Exercise - Write out again, exactly, the lines below starting at the one with "Picture of Stunning" and ending at the one with "Sail training ship".

Dataset records -
________________________

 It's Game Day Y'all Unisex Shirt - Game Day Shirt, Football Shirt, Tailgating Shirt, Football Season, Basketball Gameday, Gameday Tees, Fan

________________________

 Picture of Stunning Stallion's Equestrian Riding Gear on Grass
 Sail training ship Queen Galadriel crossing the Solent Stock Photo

________________________

Exercise response -
 Picture of Stunning Stallion's Equestrian Riding Gear on Grass
 Sail training ship Queen Galadriel crossing the Solent Stock Photo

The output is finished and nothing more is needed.